Corpse Reviver No. 2
August. A Saturday. It is 6am. Or thereabouts. I sowed my story, fought for my side. Even wrote some of the words that ended up in the newspapers. In the aftermath, I fled.
Adventure. Its prospect has always been my nourishment. The thing that made me something more than a hollow man. Adventure pours into that void. Fills it, until it overflows.
And so, I sit here. On this bluff, at sunrise. Overlooking dual runs of water. Joined, like two bodies doing the business. I seek the thrill, that sweet adrenaline that sets my mind aright. In the pink light on my face. In the sound of the river. In the music of birds and the rustling of leaves.
Those things don’t take me back to my pinnacle. My apex. Not today.
No.
They take me back to her.
How her legs pumped when she ran, screaming with laughter, along the bank of a creek. Her bare feet like aged leather. A face, unadorned, that made me quicken. She outran me. Every time. At the last second, she let me catch her. Fold her into my embrace. The nearest thing to love I ever knew.
So much like me. An adventurer, through and through. She took the best part of me with her when she died. And, I bide my time with corpse revivers.

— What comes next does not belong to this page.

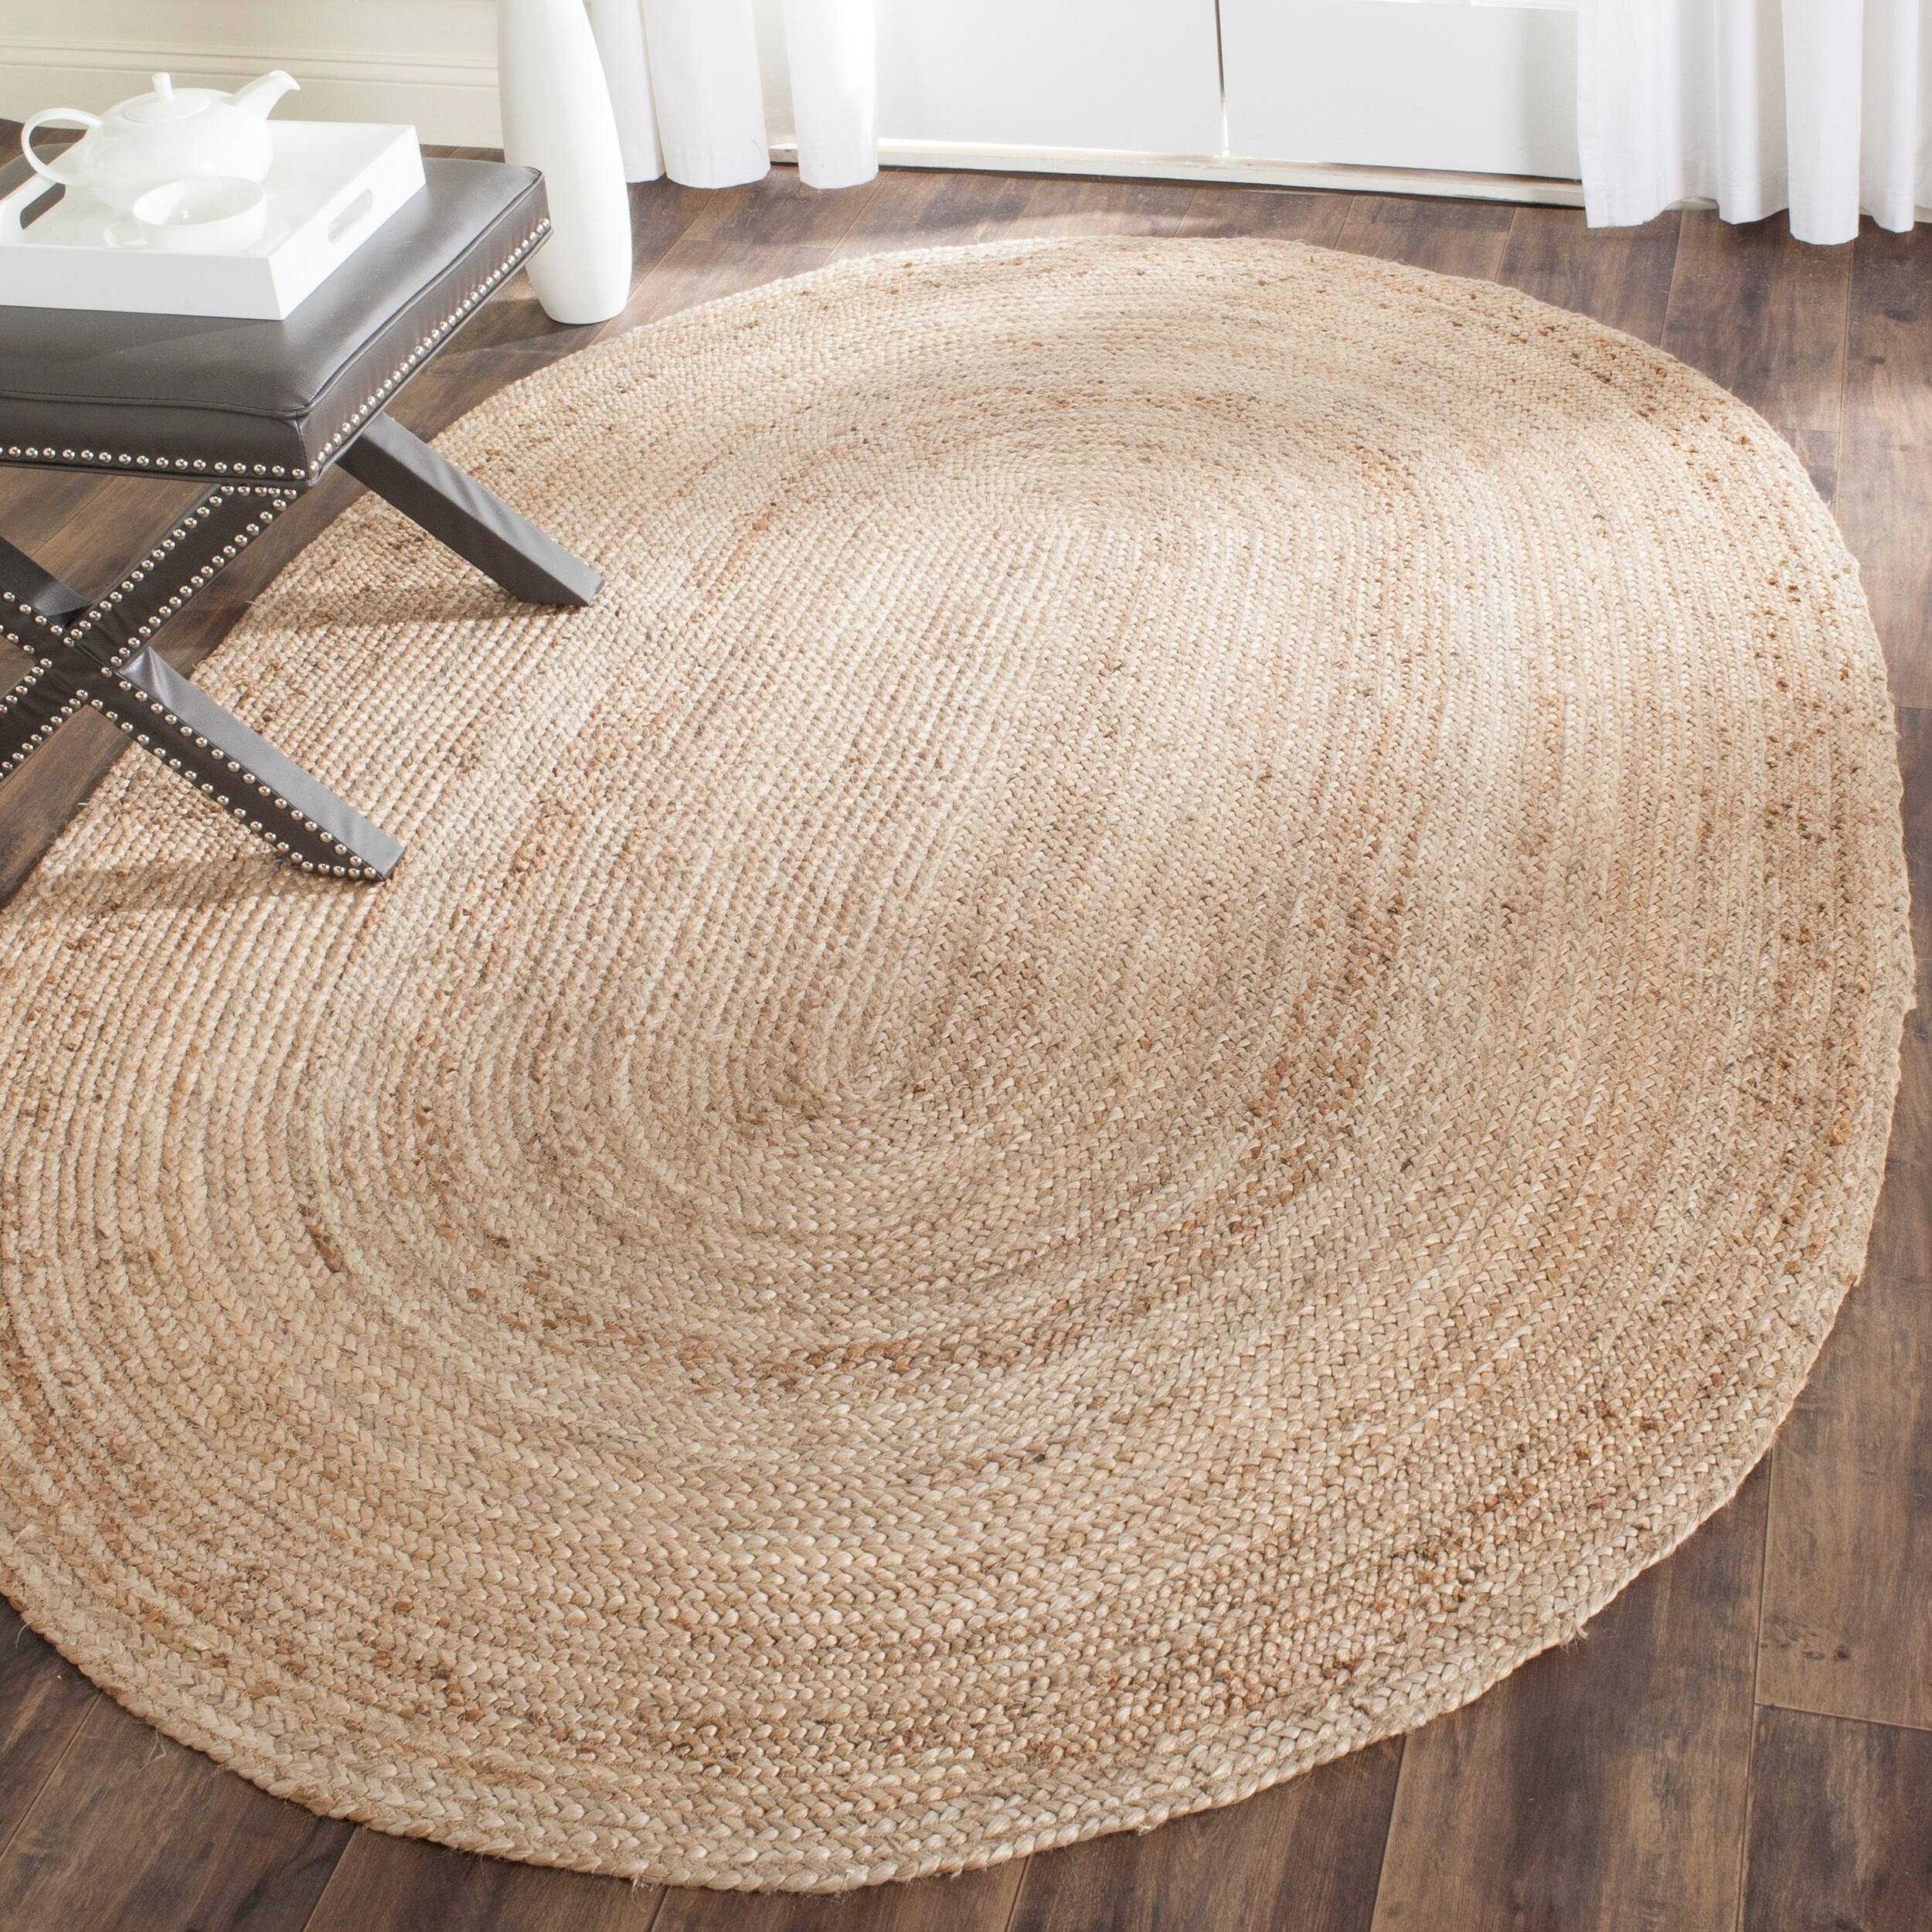 Buy Round, Oval & Square Area Rugs Online at Overstock.com | Our Best ...

Trying to make sense of a life that shouldn’t be mine.
***
Reader note:
A corpse reviver was a staple cocktail in the 1930′s. Recent mixology has revived such classics. Here’s a recipe, in case you want to give it a try. Combine all ingredients in a shaker with ice, except for lemon peel. Shake and strain into a martini glass. Garnish with lemon peel.
1 ounce gin
1 ounce cocchi americano
1 ounce fresh lemon juice
1 ounce Cointreau
Dash of absinthe
Shave of lemon peel
This post is part of the series Death Becomes Me. It is a series of fiction. If this is your first visit to the series, please click here to read the first installment, go here for the second, go here for the third, click here for the fourth, go here for the fifth, click here for the sixth and go here for the seventh.

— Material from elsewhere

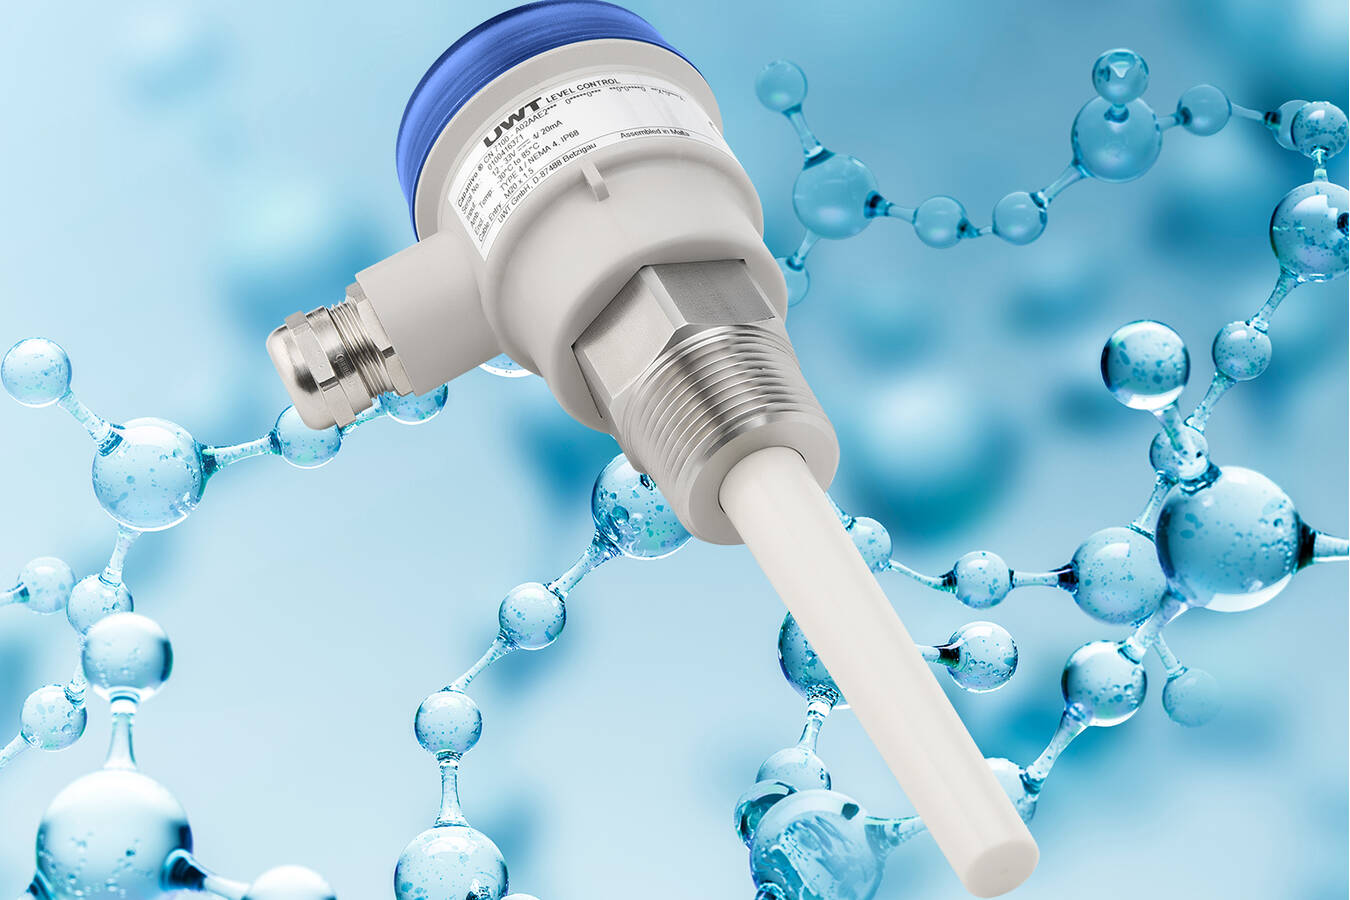 Capacitive level measurement with the robust PPS probe and SensGuard protective sleeve

The Corpse Reviver sounds like a Corpse Creator. I’ve never heard of Cocchi Americano and, strangely enough, Absinthe sales are still banned here in France although it is sold under the name of Absente which is where your mind is after you’ve drunk a few of them:)
Roger, these drinks were apparently designed to revive a person who’d had too much. I’m not a big fan of absinthe. One of my friends is a French chef (from Lyon), and he insisted that I try it once. That once was enough.
Sad. This one hits hard. Absinthe, true absinthe, is legal here again though hard to find and expensive. And most of what is sold is crap. Or isn’t real. But anyway…
“She took the best part of me with her when she died.” A hard hitting line. Hits so solid in the gut. Especially of a father.
Okay. You can help me here, if it won’t be too painful. Why does this hit hard for a father, when he clearly was in love with her in a not-fatherly way? As someone who can never be a father, your insights will give me some good potential food for the character.
Something about the line “How her legs pumped when she ran, screaming with laughter”, sounded like a little girl to me. Reminded me of my daughter running around and then finally letting me catch her and swing her around. There is a melancholy to being a parent watch your kid grow up and leave. Worse if they may have died or been taken away.
It’s interesting that you picked up on that. He knew her as a child, probably fell in love with her when he was an early teen.
And as always, everything is filtered through the eyes of the reader. May say more to my current state in life than anything else!
It is a tough dance to put in just enough for the reader without too much. Especially with this character, who talks in fragments and doesn’t reveal a whole lot in the first place.
I hope your ear is getting better.
Getting better. Have an appt with the ENT and audiologist tomorrow afternoon. Keep your fingers crossed!!
Will do. If you want to hangout on G+, I’m at my desk til eleven.
Will o probably in a while. Meeting Heather Solos at SBux in North Charleston right now.
Tell her I said hi.
My reading was that it was first his daughter, then something told me they were playmates as children…but it was just ambiguous to leave one wondering, and keep one engaged with the story.
Sorry I missed hanging out with you. Coffee with Heather turned into late coffee, then lunch, then a shopping trip in the H&L Oriental Market. Ummm… well, so much for good time management.
And so it is…understood. He isn’t who I thought him to be – a softer, gentle guy than I had imagined.
I think I started in the wrong place with him, Lori. But, that’s how these public exercises go. They help me more than you know.
Oh my. Is it the absinthe that gives the drink its ghoulish name?
I don’t know. There are several versions of corpse revivers. http://ohgo.sh/archive/corpse-revivers/
Had to go read about what coochi americano is. http://en.wikipedia.org/wiki/Cocchi_Americano. I really find this character interesting.
He’s getting there.
Poor guy. This story is killing me, I will have you know. There is clearly so much backstory, and I want to know what it is!
Good to know that the backstory makes a good story.
Because that’s what this is.
I love the masculine tone. Short senses and phrases. Concise thinking…it’s so like “him”.
I think I can better understand the wishing for death now, Andra. I have been with friends in such straights of lingering grief that life is just a placeholder until they die. The longing to be with someone gone can be so overwhelming. And for others, a Corpse Reviver is another kind of lifeline. Such a complex story. I really do feel like I’m starting to really care about this character! I’ve never had absinthe and I just must–at least once!
I hope you care about him, Debra. You will see a lot more of him someday.
I am not a big fan of absinthe, but everyone should try it and decide for themselves. You have got to have some good places near you.
I just caught up on three of these. God, Andra. This writing, this journaling. It takes my breath away.
Hard to get the voice right, but I think I finally got there. It isn’t easy to be a man.